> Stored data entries
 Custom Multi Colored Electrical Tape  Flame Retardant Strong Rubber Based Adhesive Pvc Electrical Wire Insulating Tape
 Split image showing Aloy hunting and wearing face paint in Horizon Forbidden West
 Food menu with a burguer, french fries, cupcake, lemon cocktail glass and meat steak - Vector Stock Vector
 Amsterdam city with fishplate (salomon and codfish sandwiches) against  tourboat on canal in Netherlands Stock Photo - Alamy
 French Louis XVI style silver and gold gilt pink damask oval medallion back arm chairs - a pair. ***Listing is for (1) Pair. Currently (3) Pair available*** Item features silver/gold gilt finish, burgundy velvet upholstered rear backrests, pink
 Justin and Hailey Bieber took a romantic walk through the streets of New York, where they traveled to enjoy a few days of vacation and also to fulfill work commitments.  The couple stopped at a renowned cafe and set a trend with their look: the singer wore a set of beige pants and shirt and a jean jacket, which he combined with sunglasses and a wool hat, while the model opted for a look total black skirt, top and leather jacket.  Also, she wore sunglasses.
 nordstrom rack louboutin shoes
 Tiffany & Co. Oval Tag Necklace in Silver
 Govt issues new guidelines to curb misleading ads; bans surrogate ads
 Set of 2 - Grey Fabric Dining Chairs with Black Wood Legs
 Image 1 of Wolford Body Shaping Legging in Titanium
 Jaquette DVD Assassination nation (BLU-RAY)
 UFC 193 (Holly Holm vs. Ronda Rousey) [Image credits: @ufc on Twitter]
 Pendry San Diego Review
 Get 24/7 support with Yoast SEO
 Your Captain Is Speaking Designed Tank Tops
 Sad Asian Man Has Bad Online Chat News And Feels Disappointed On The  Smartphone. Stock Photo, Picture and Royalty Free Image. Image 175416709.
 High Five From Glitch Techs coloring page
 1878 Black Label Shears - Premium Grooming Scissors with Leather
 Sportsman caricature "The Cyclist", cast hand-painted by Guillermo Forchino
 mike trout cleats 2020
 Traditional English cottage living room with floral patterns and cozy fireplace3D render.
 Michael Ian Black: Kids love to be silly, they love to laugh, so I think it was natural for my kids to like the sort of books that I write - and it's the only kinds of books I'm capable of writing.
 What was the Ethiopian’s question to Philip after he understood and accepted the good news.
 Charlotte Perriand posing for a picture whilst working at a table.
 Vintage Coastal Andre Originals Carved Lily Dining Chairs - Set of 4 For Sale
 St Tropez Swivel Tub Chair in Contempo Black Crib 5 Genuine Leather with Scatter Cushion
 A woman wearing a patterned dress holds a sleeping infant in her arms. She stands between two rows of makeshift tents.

> WORK ITEM
Write out, from the lines above, only those from the line with "Your Captain Is Speaking Designed Tank Tops" to the line with "Charlotte Perriand posing", exactly as given, including the first and the last.

> TASK SOLUTION
 Your Captain Is Speaking Designed Tank Tops
 Sad Asian Man Has Bad Online Chat News And Feels Disappointed On The  Smartphone. Stock Photo, Picture and Royalty Free Image. Image 175416709.
 High Five From Glitch Techs coloring page
 1878 Black Label Shears - Premium Grooming Scissors with Leather
 Sportsman caricature "The Cyclist", cast hand-painted by Guillermo Forchino
 mike trout cleats 2020
 Traditional English cottage living room with floral patterns and cozy fireplace3D render.
 Michael Ian Black: Kids love to be silly, they love to laugh, so I think it was natural for my kids to like the sort of books that I write - and it's the only kinds of books I'm capable of writing.
 What was the Ethiopian’s question to Philip after he understood and accepted the good news.
 Charlotte Perriand posing for a picture whilst working at a table.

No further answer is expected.